**Your objective**
Return all the data below as it stands, minus the pictures.

**Recorded data**
________________
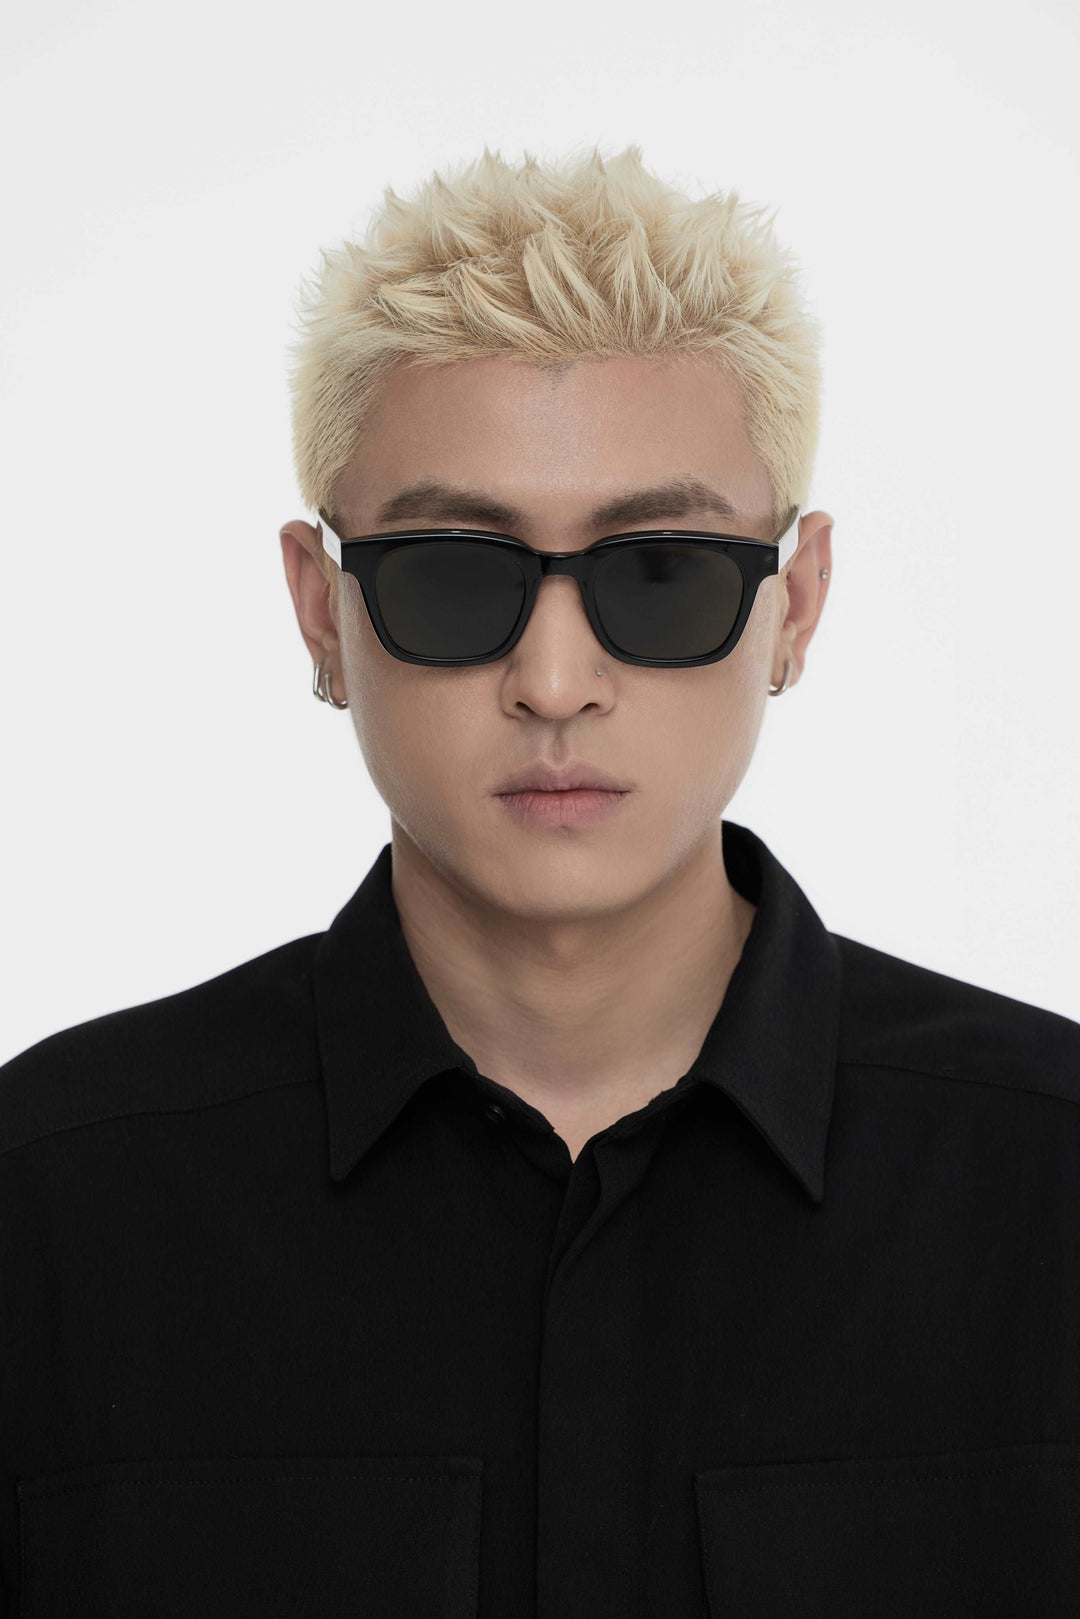 Male Model of his front face wearing Bubblegum in black sqaure High-quality sunglasses from Mercury Retrograde Daydream Collection 
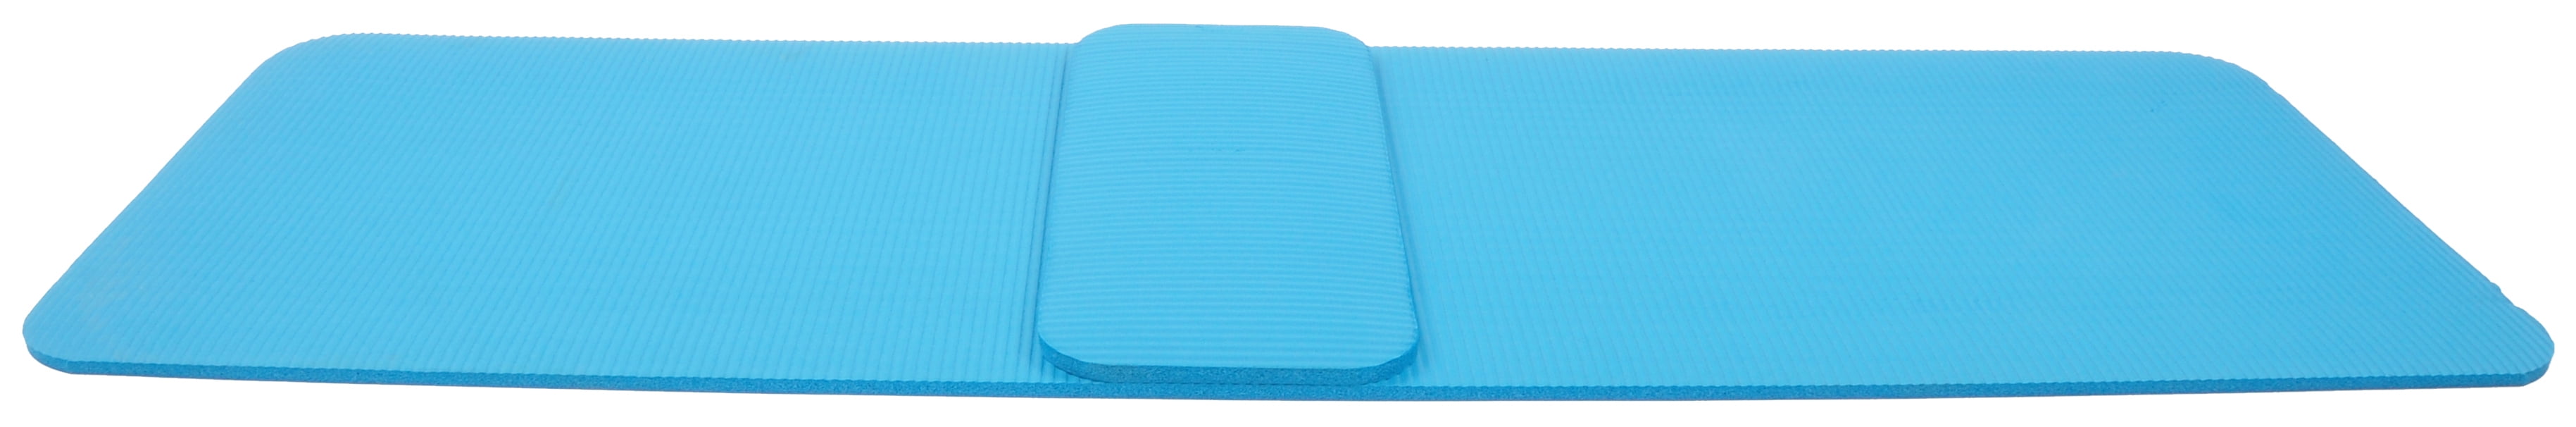 BalanceFrom GoYoga All-Purpose 1/2-Inch Extra Thick High Density Anti-Tear  Exercise Yoga Mat and Knee Pad with Carrying Strap
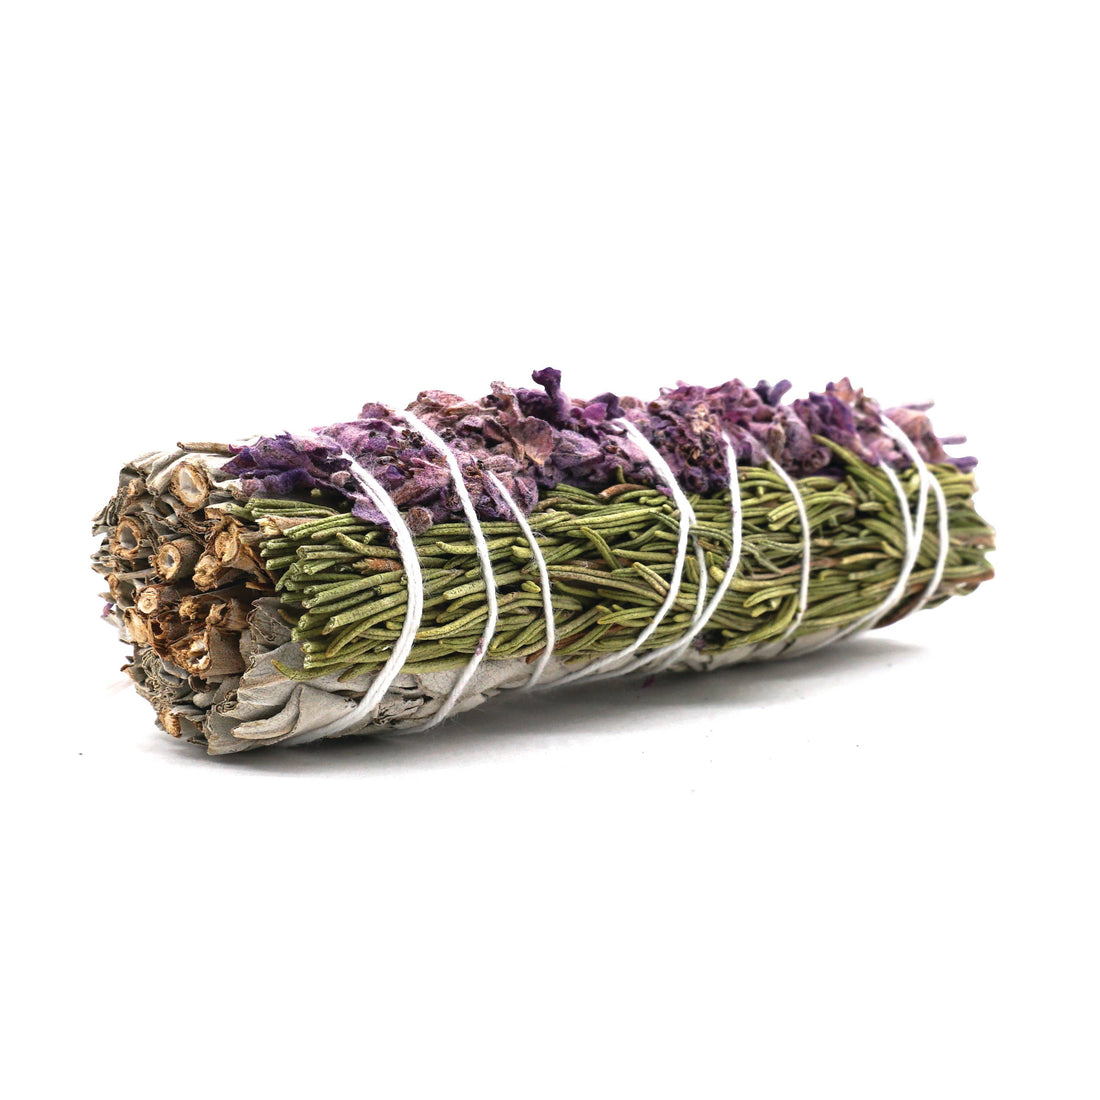 Lavender with Rosemary and White Sage Bundles
________________
**Task response**
 Male Model of his front face wearing Bubblegum in black sqaure High-quality sunglasses from Mercury Retrograde Daydream Collection 
 BalanceFrom GoYoga All-Purpose 1/2-Inch Extra Thick High Density Anti-Tear  Exercise Yoga Mat and Knee Pad with Carrying Strap
 Lavender with Rosemary and White Sage Bundles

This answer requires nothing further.